問題タブ [sql-parametrized-query]

For questions regarding programming in ECMAScript (JavaScript/JS) and its various dialects/implementations (excluding ActionScript). Note JavaScript is NOT the same as Java! Please include all relevant tags on your question; e.g., [node.js], [jquery], [json], [reactjs], [angular], [ember.js], [vue.js], [typescript], [svelte], etc.

0 投票する
1 に答える
155 参照

php - CDbCriteriaのaddInCondition()メソッドは「SQLインジェクションプルーフ」ですか?

複数の入力パラメーターに CDbCriteira addInCondition() を使用したい (数値は事前定義されていません)。このメソッドはパラメータ化されたクエリを構成しますか? 私はこれについて物議を醸す考えを見つけました:

  1. はい -「CDbCriteriaを使用しているため、安全であると思います」-引用。
  2. 番号

また、 addInCondition() メソッドの仕様を調べましたが、明確にできませんでした。

0 投票する
1 に答える
95 参照

sql - レコードを更新しようとするとエラーが発生する

私のプログラムには、runSQLというタイトルの関数があります。これは次のとおりです。

そして、このコードから取得した更新文字列を使用して、データベース内のレコードを更新しようとしています:

ただし、保存ボタンをクリックすると、runSQL 関数の 7 行目 (空の行を含まないため、DataAdapter.Fill(DT) 行) で「1 つ以上の必須パラメーターに値が指定されていません」というエラーが表示されます。

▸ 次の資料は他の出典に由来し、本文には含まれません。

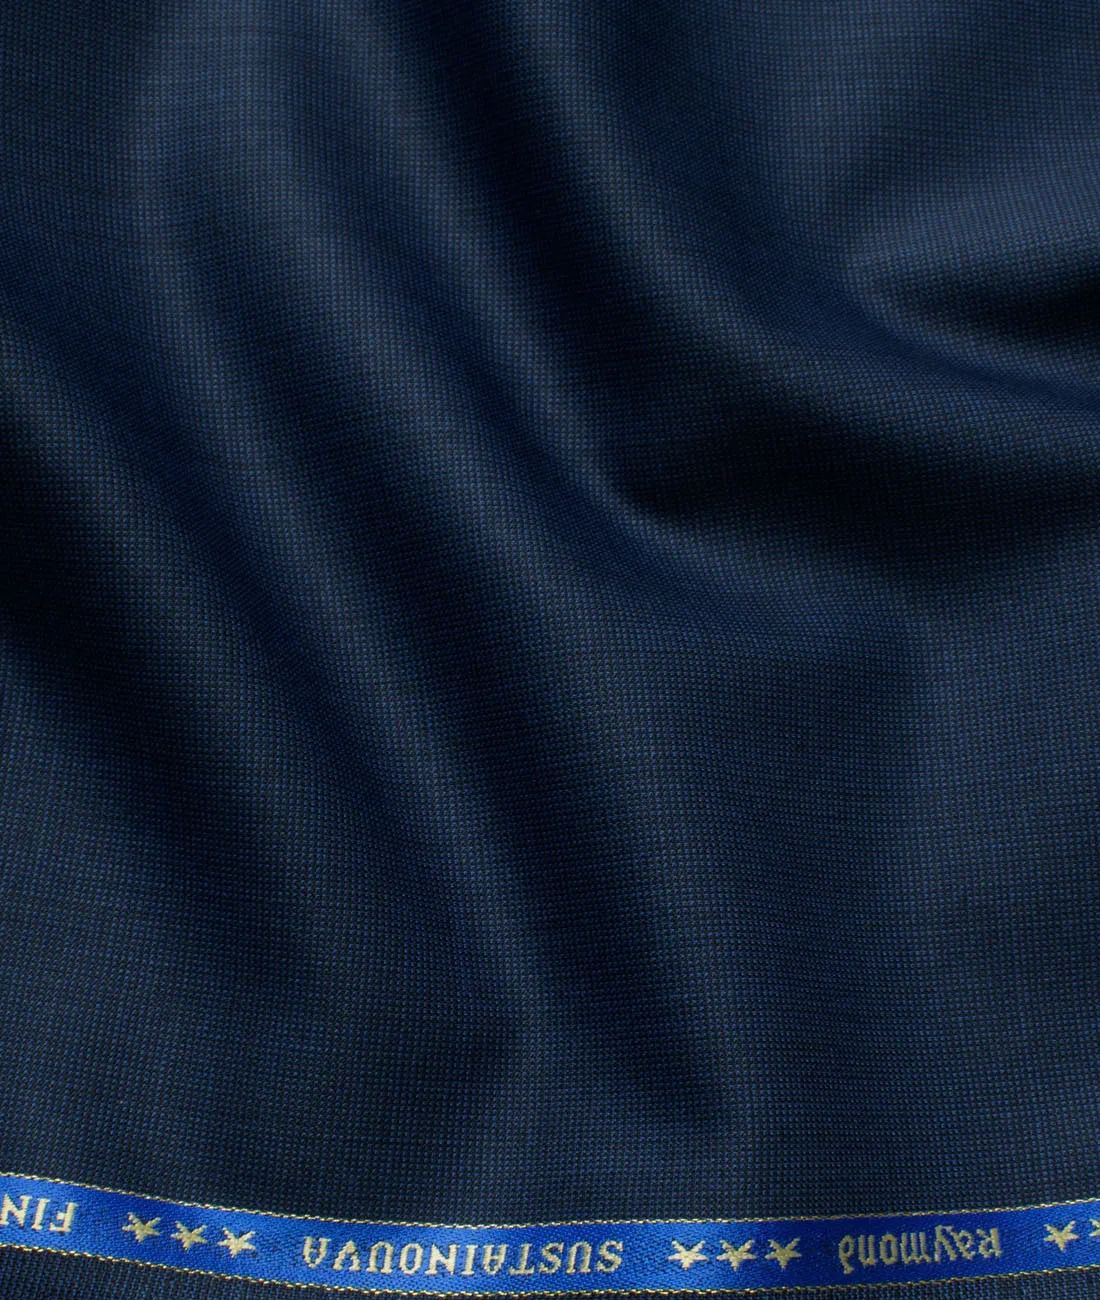 Wool Structured Super 100GÇÖs Unstitched Suiting Fabric (Dark Royal Blue) very fine and soft

これがなぜなのか、それを修正する方法を誰かが知っているのだろうかと思いました。

私が考えたことの 1 つは、更新されているテーブルには、UPDATE ステートメントで言及されているフィールド以外のフィールドがあるということです。たとえば、「TeamMember」というタイトルの Yes/no フィールドがありますが、これについては update ステートメントでは言及していません。更新機能を使用する場合、変更されていないものも含め、すべてのフィールドに値を指定する必要がありますか?

読んでくれてありがとう。

0 投票する
2 に答える
2947 参照

vb.net - パラメーターを含むステートメントで完全なクエリを表示する

vb.net でクエリをデバッグするのに問題があります。内部に値を含む完全なクエリを取得したいだけです。パラメータを使用してクエリに値を追加します。これは私のコードです:

このコードでは、次のような結果が得られます。

このような結果を得る方法:

0 投票する
1 に答える
42 参照

sql-injection - SQL インジェクションを回避するためにパラメーターを使用してクエリを作成する

以前にそれを行ったことがありますが、この場合insert into table、ターゲット テーブルの列の値が別のクエリの結果として得られるクエリがあります。それを持っていると、私parametarized queryのが正しい方法でフォーマットされているかどうかわかりません。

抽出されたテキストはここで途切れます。